The reserve reduction, the third by the central bank this year, comes amid investor concerns over market liquidity and a potential economic drag from a trade dispute with the United States.
PBOC said the latest targeted cut in some banks’ reserve requirement ratios (RRRs) – currently 16 per cent for large banks and 14 per cent for smaller banks – will take effect on 5 July.
The PBOC said the cut will release about 500 billion yuan ($77 billion) for the country’s five large state banks and 12 national joint-stock commercial banks.
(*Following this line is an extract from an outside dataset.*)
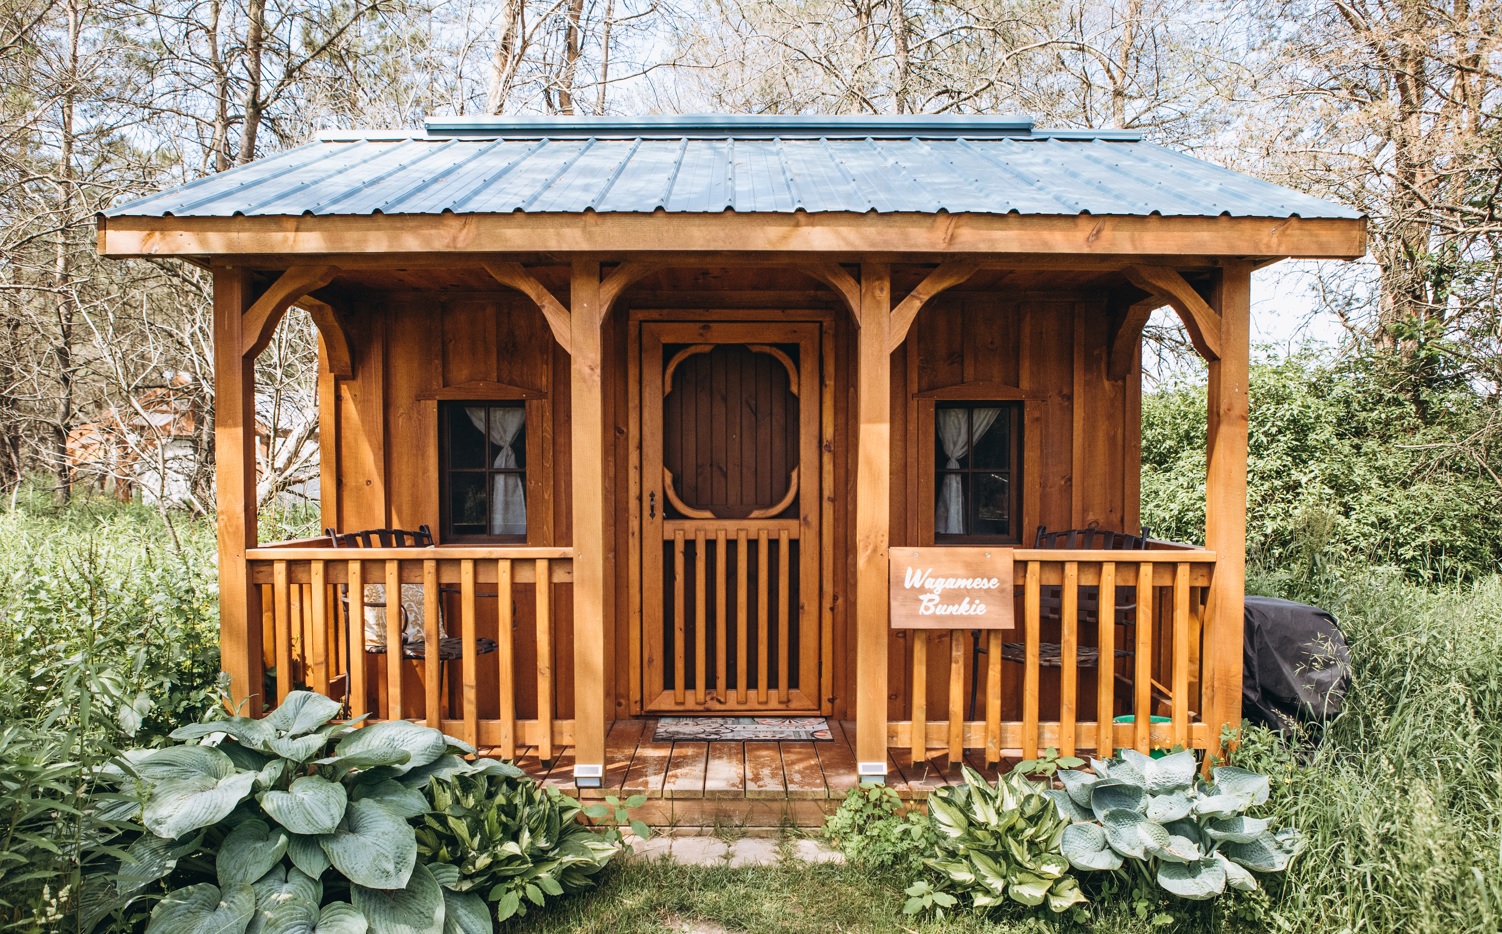 Wagamese Bunkie: A Cozy Glamping Getaway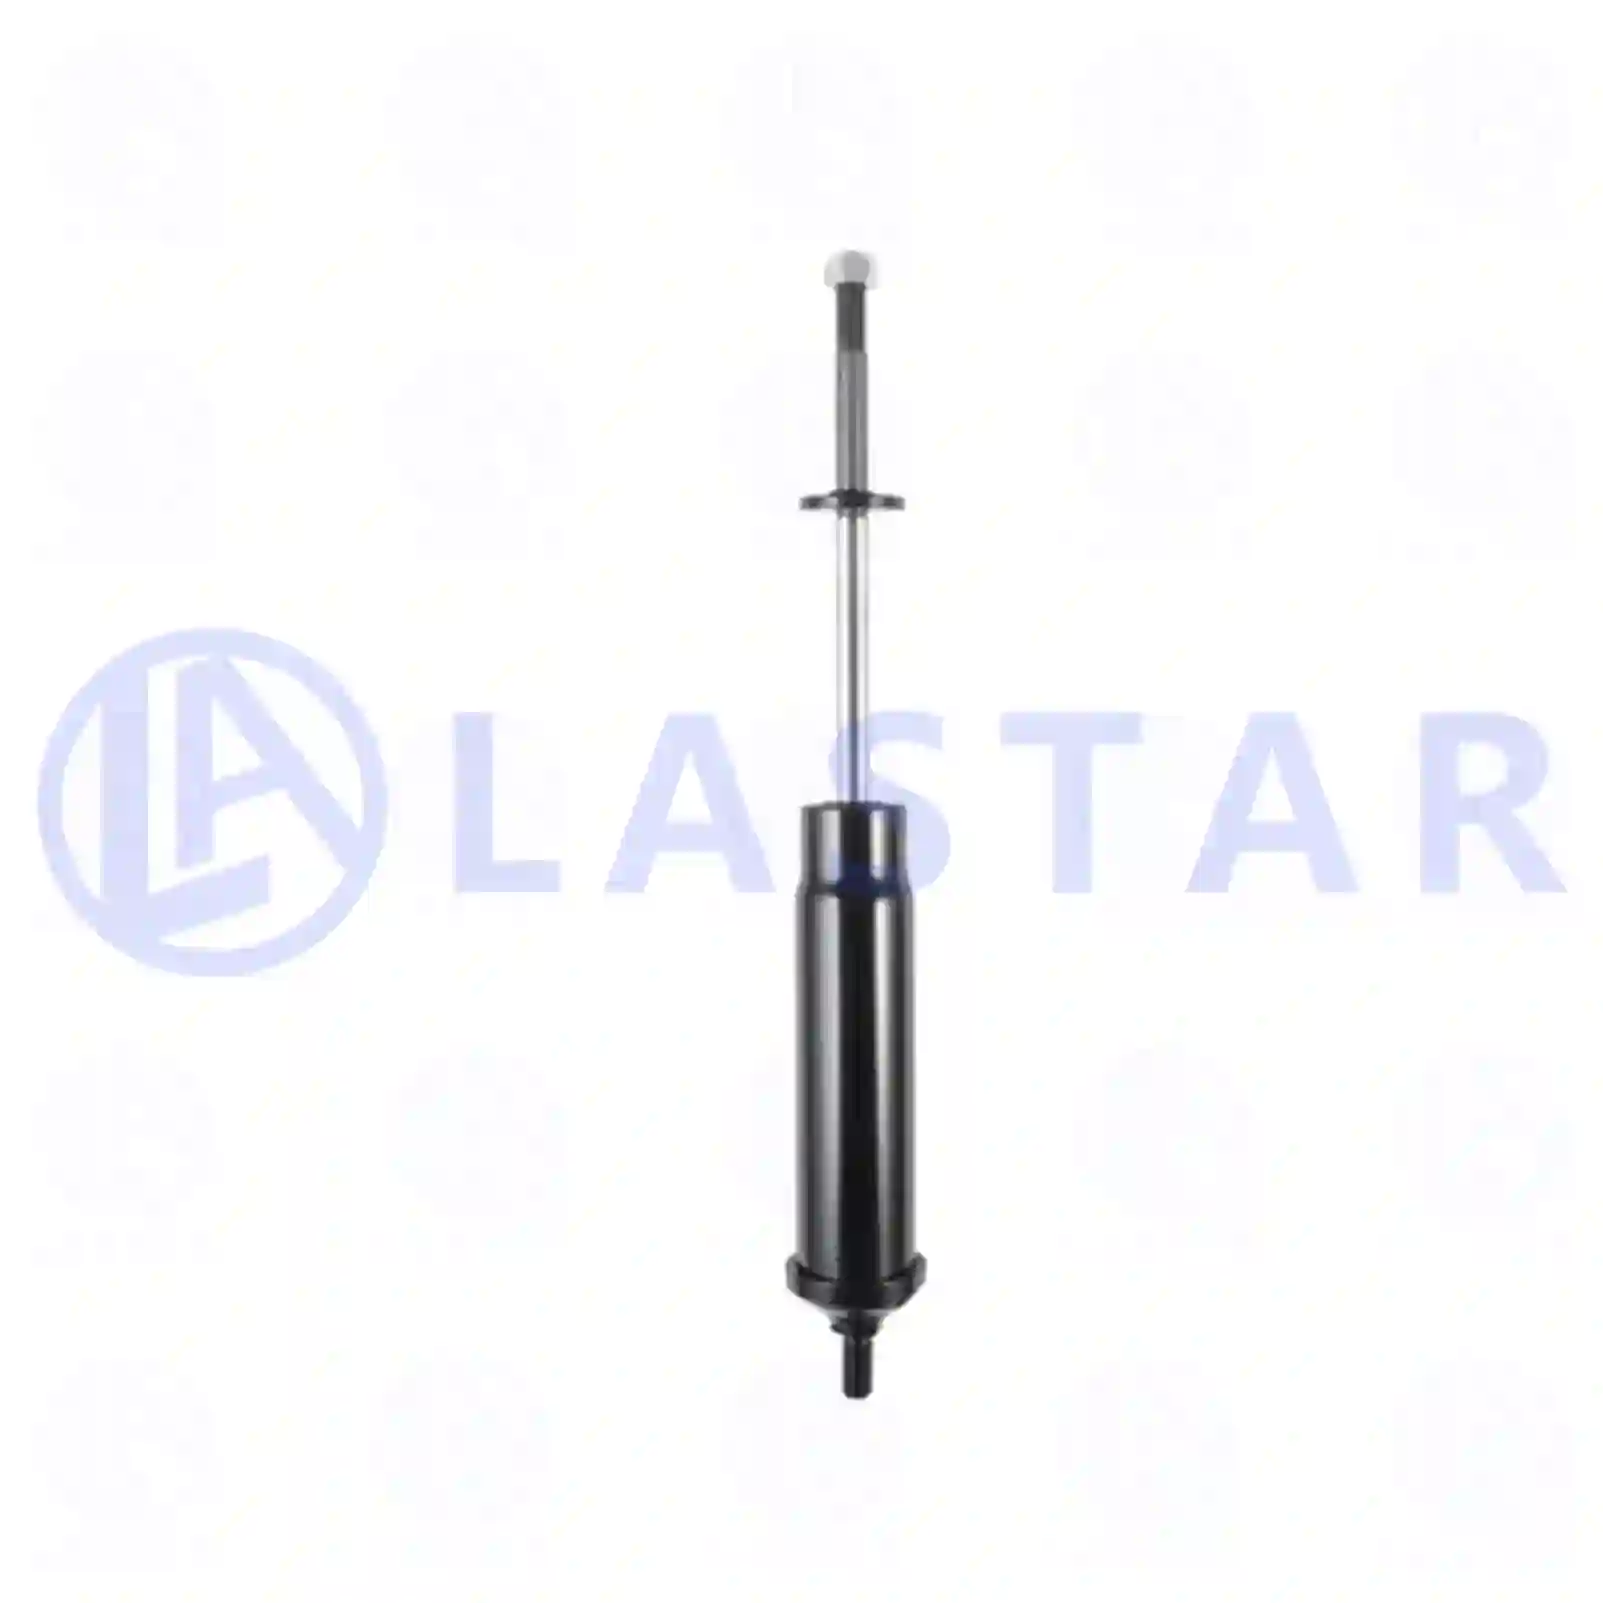 Cabin shock absorber, 77735874, 1363122, 1424228, , , ||  77735874 Lastar Spare Part | Truck Spare Parts, Auotomotive Spare Parts Cabin shock absorber, 77735874, 1363122, 1424228, , , ||  77735874 Lastar Spare Part | Truck Spare Parts, Auotomotive Spare Parts

Lenders are encouraged to use the money to conduct debt-for-equity swaps.
The Chinese yuan on Friday also fell to its lowest versus the dollar in more than five months, though it has remained firm against a basket of trading partners’ currencies, and a sharp depreciation is not in the cards.
Fears of a full-scale trade war with Washington have magnified concerns about the outlook for the world’s second-largest economy, following weaker-than-expected Chinese growth data for May and as Beijing’s financial regulatory crackdown starts to weigh on business activity.
Net exports overall were already a drag on growth in the first quarter after giving an added boost to the Chinese economy last year, highlighting the need for sustained strength in domestic demand if significant new US tariffs are imposed.
China accused the United States last week of using bullying tactics and blackmail in threatening to impose tariffs on hundreds of billions of dollars of Chinese imports, ramping up criticism that the measures levied in the name of balancing trade would harm both countries’ companies and the world economy.
Commerce Ministry spokesman Gao Feng said the US was damaging the global trading order and that its methods would harm its own business interests as well as those of trading partners.
“We oppose the act of extreme pressure and blackmail by swinging the big stick of trade protectionism,” Gao told reporters at a news conference.
“The U.S. is abusing the tariff methods and starting trade wars all around the world.”
US, European and other governments have repeatedly complained their firms operating in China are being compelled to surrender technology as part of Beijing’s bid to create world-leading companies in fields such as robotics and electric cars under a program it calls “Made in China 2025.”
Economists note the US global trade deficit started to balloon several years before China’s surplus started to surge. They say that suggests the reason behind the imbalance lies somewhere other than China.